So don't forget to make your rates — and preferably also your presentation (business cards, website, brochures, online profiles) — reflect the natural progress of your skill and reputation.
If you agree with me at this point, you might as well finish reading here. If you aren't sure, stay on.
Q: But I work so closely with them. I get feedback on all of my translations. I'm required to be available on the phone, sometimes 24/7. I go beyond just translating and always keep their business goals in mind. I know them inside out. I'm a veteran. I'm more of an insider than any new meat with a salaried position. I'm an employee in all but name.
A: Nope, that's not the only difference, You aren't on their promotion track simply because you aren't part of the organization, no matter how closely you collaborate. You can't get promoted if you don't have a rank to begin with. Same goes for a raise.

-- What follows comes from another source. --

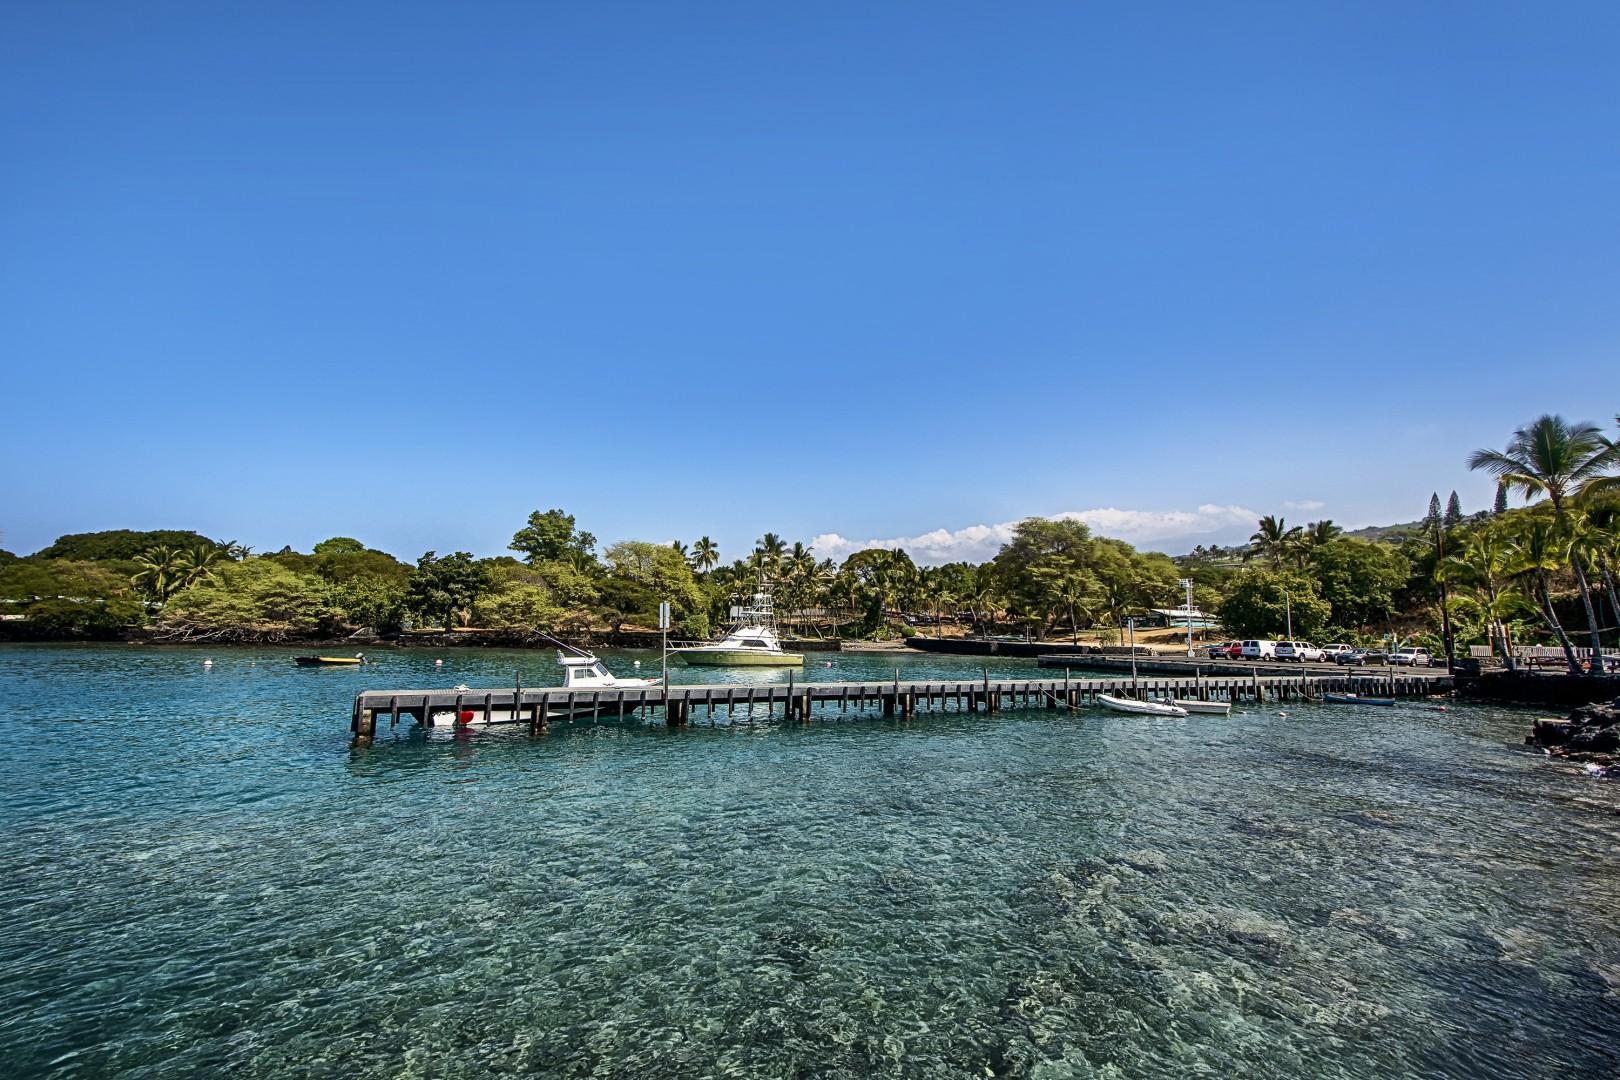 Nearby Keauhou Harbor
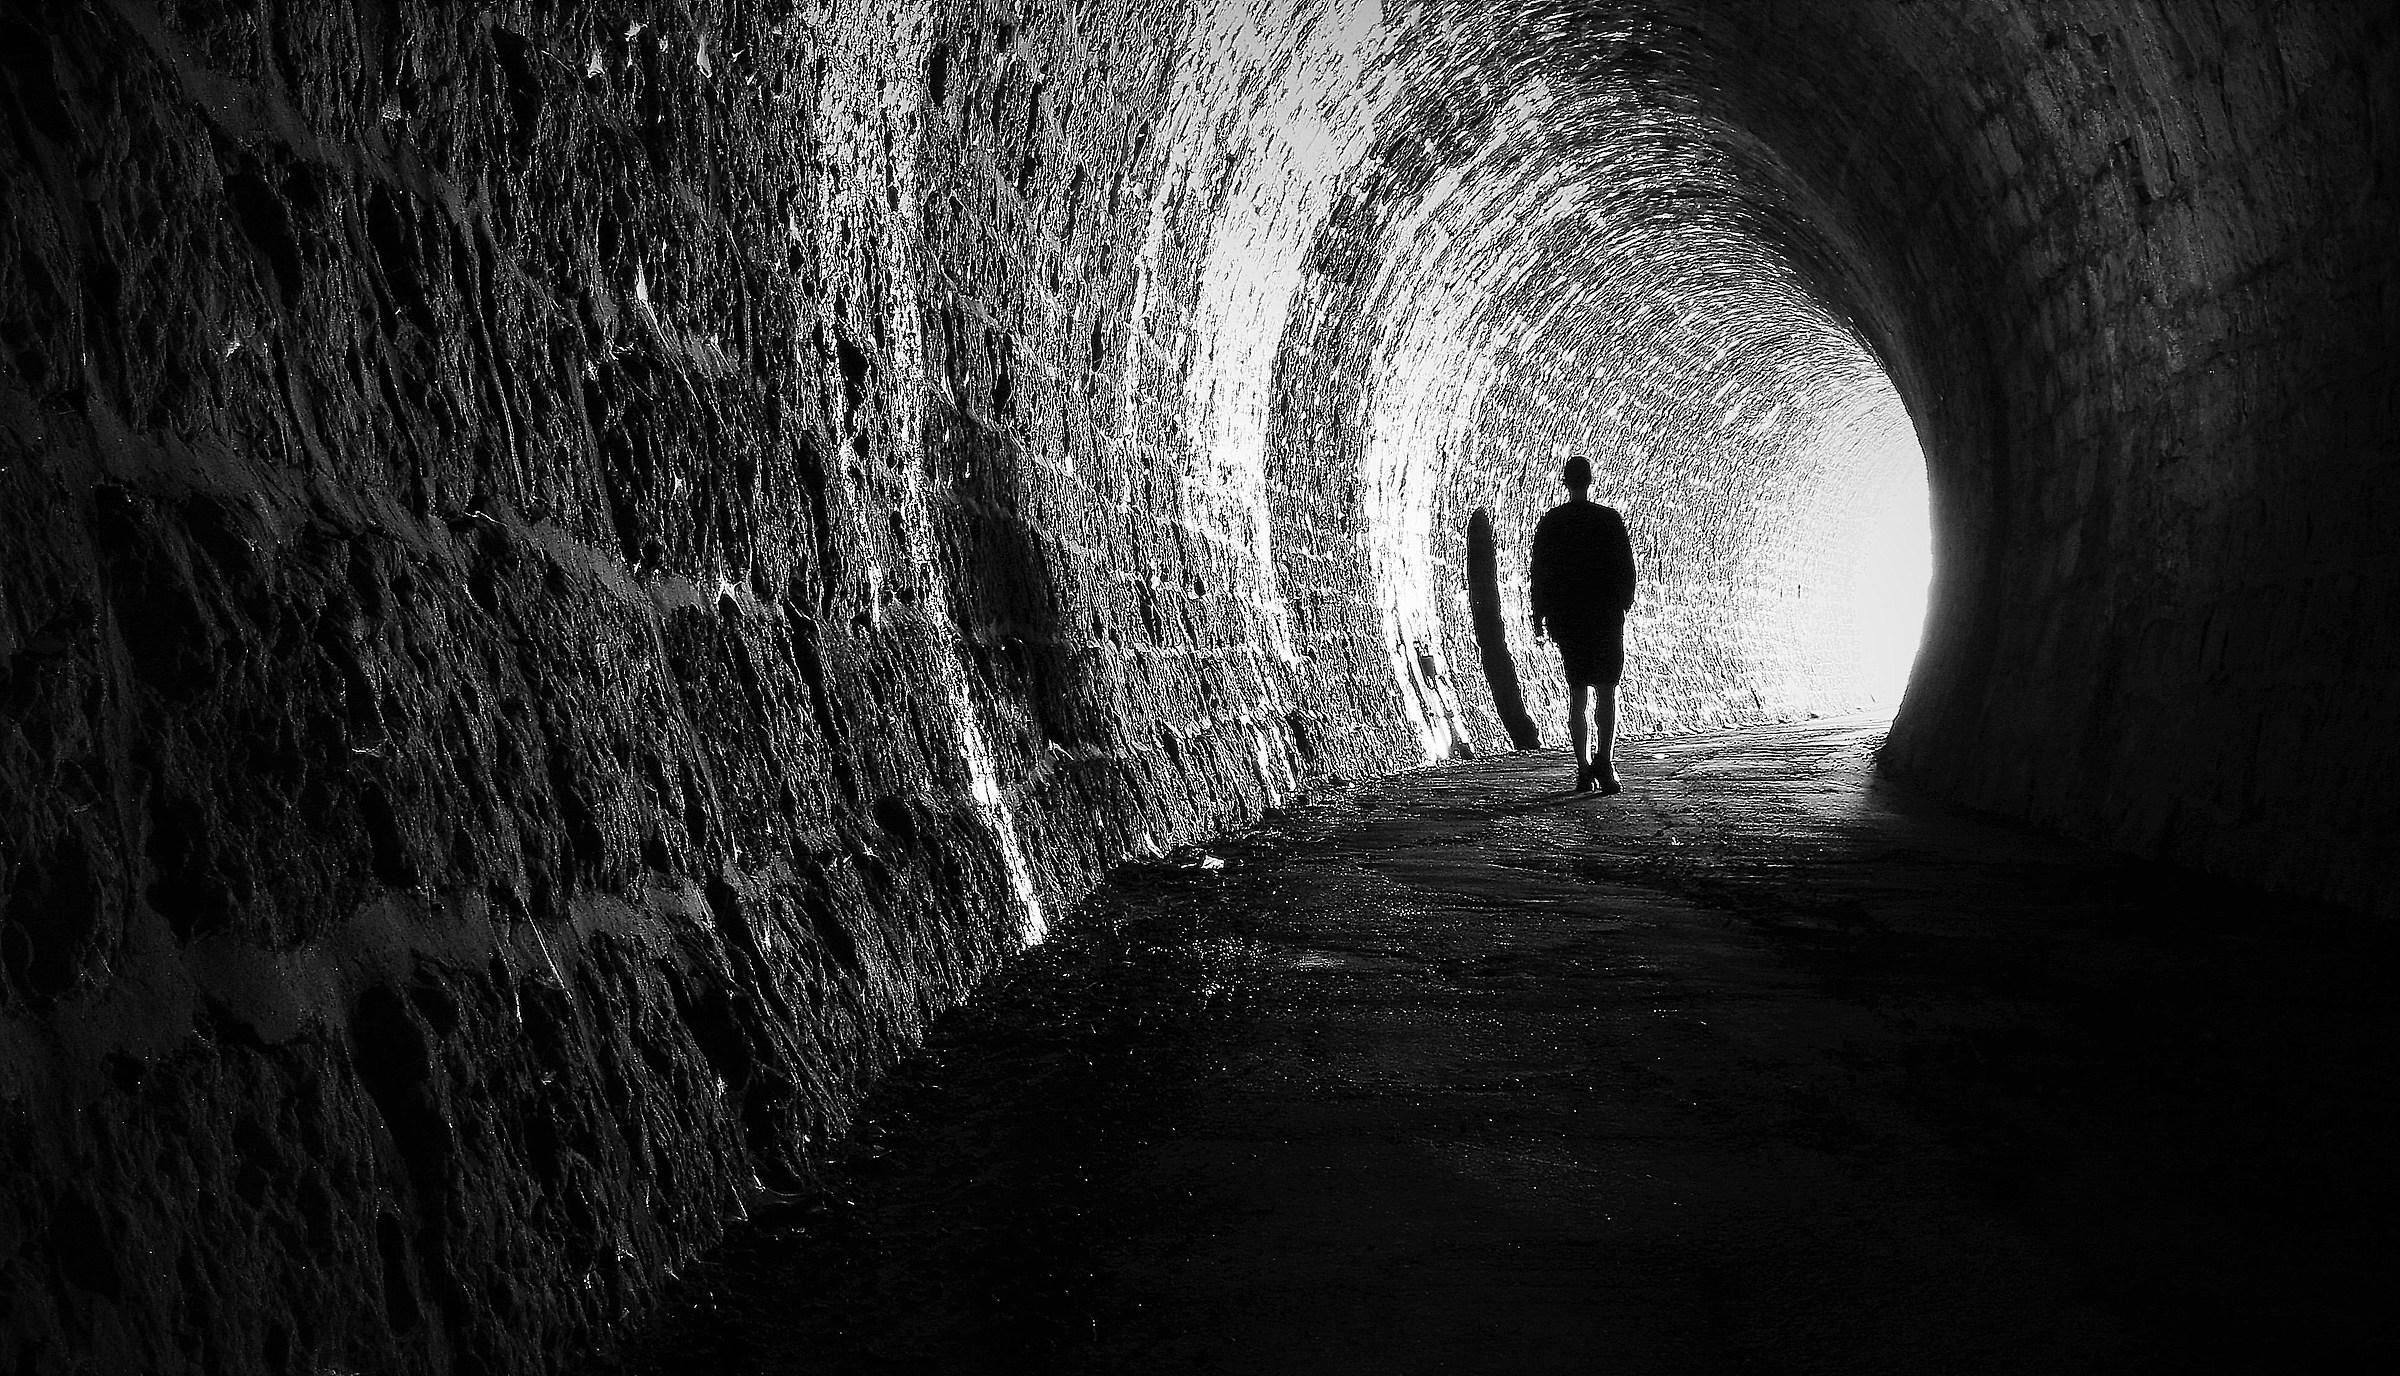 https://epiprev.it/documenti/get_image.php?img=files/2021/blog-made/150-giorni/la-luce-in-fondo-al-tunnel.jpg

No, it's not unfair to 'renegotiate'. It would be if you had a fixed-term contract with guaranteed fixed rates, then it would be unfair and illegal to push for a change without their consent. Or a large raise half a year into a long-term (indefinite) contract, that could be bait and switch. But to expect to always pay the same fees the same service would not be reasonable.
Oh sure, some of them will act surprised or hurt or wronged or whatever, but do you expect bread to cost exactly the same day after day for 10 years? Or electricity? Or whatever newspaper you read?
But it's not just inflation.
Remember that while you never get a formal promotion, that's simply because there is nobody to give you one, and hence there isn't any formal process for it, either. But that doesn't mean you don't deserve a raise, and not just because of longevity.
Unlike what agencies may think, career progress is about making more than you did last year or five years ago, not about creating an irresistible price deal for your clients and embracing poverty while translating multi-million-dollar contracts and presentations.